Data ::
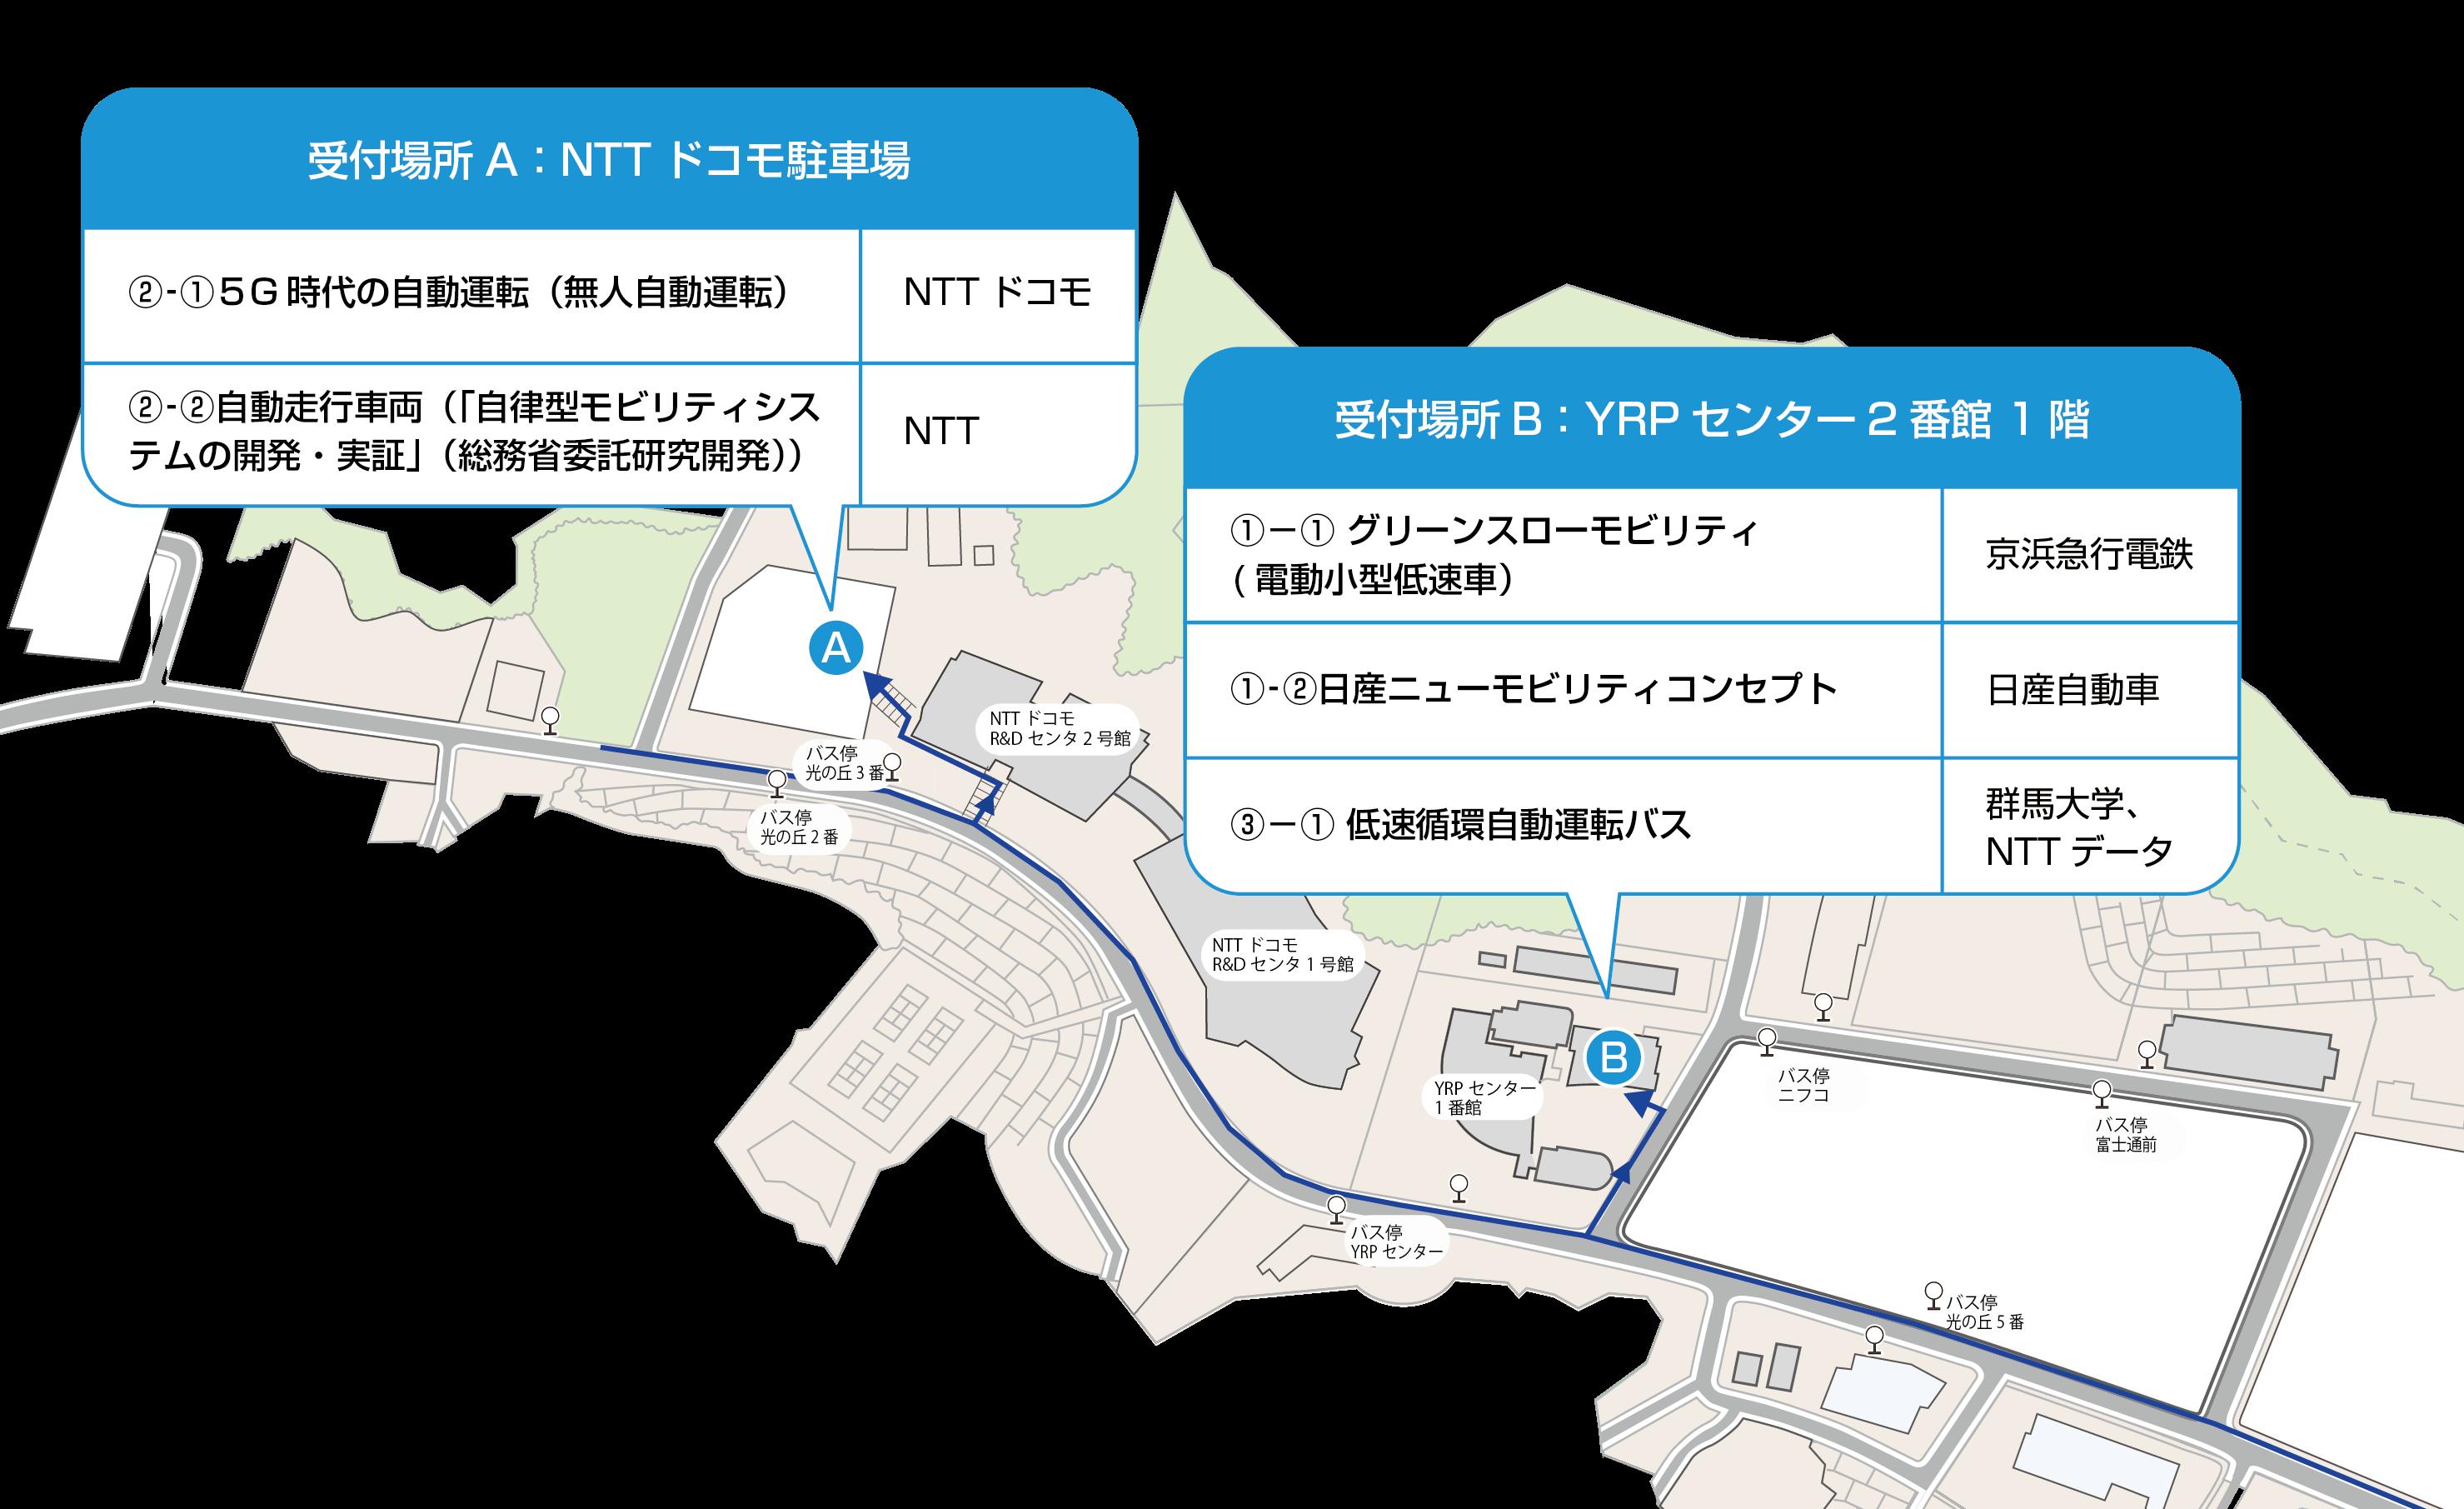 屋外(公道)デモンストレーション受付整理券配布場所
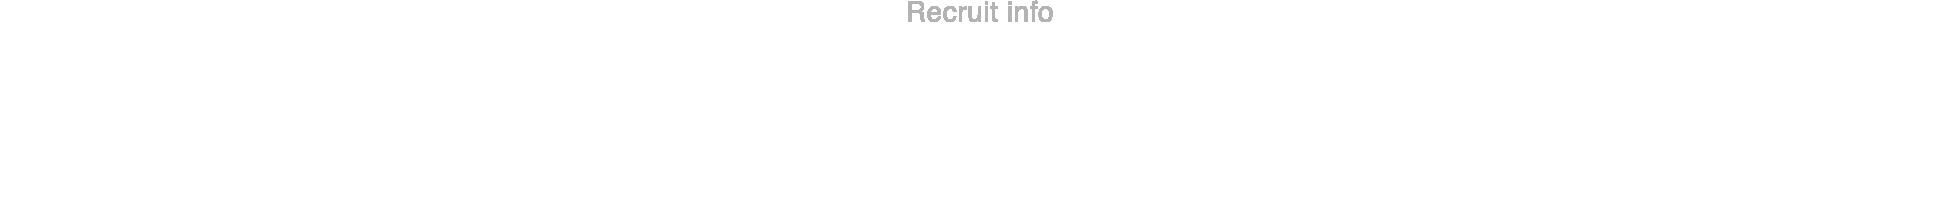 募集要項 Recruit info
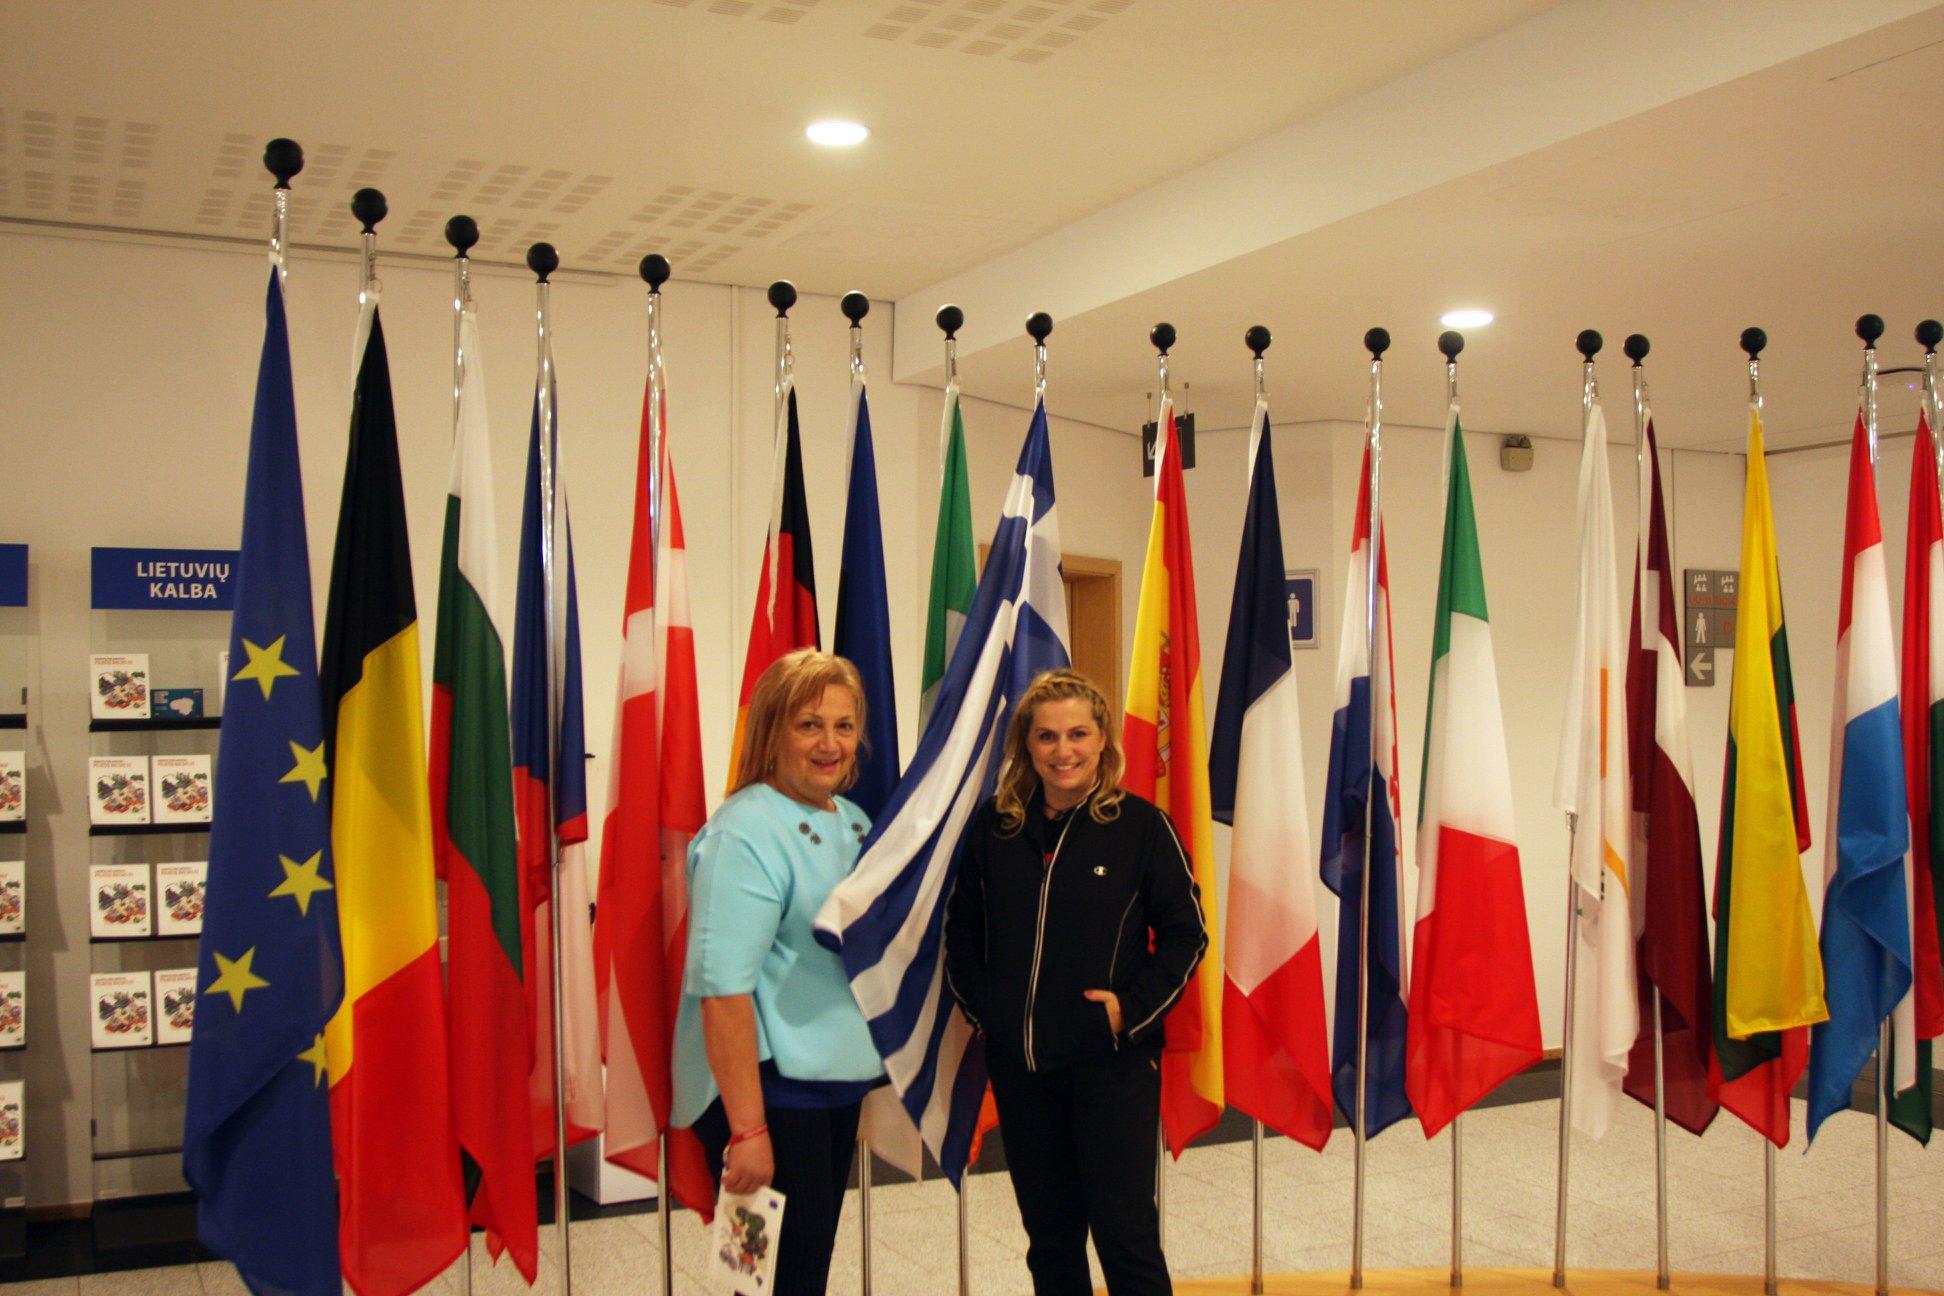 Ευγενία Φραγκούλη και Αθηνά Κρικέλη στην ημερίδα για την Πολιτιστική Προσβασιμότητα ατόμων με αναπηρία.
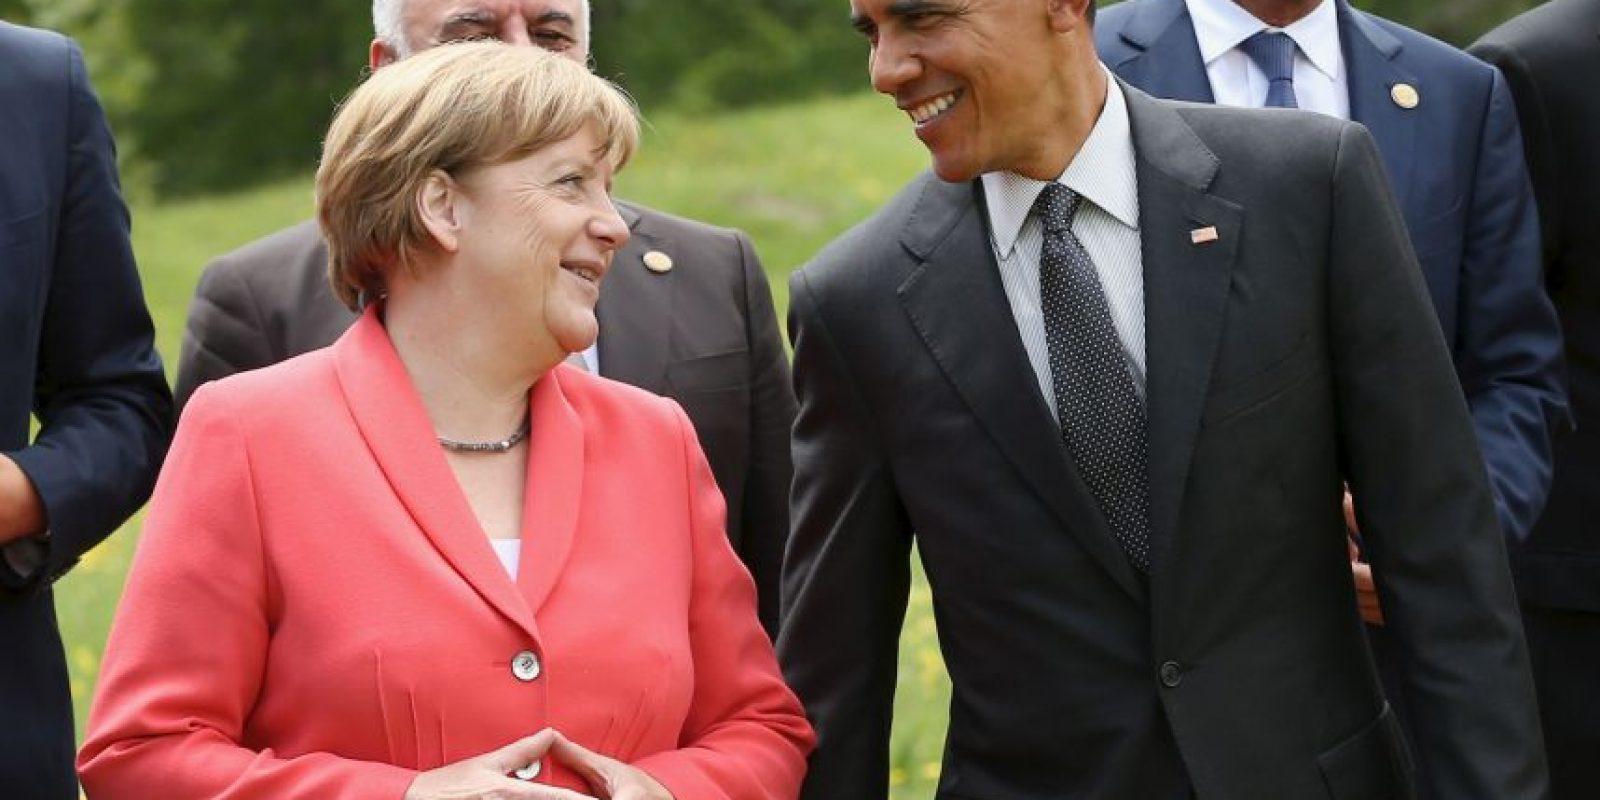 Ante esta acción, el gobierno alemán pidió al jefe de la misión estadounidense de inteligencia que abandonara el país. Foto:vía Getty Images

What is expected ::
Copy all the material above exactly, but skip each image.

Written response ::
 屋外(公道)デモンストレーション受付整理券配布場所
 募集要項 Recruit info
 Ευγενία Φραγκούλη και Αθηνά Κρικέλη στην ημερίδα για την Πολιτιστική Προσβασιμότητα ατόμων με αναπηρία.
 Ante esta acción, el gobierno alemán pidió al jefe de la misión estadounidense de inteligencia que abandonara el país. Foto:vía Getty Images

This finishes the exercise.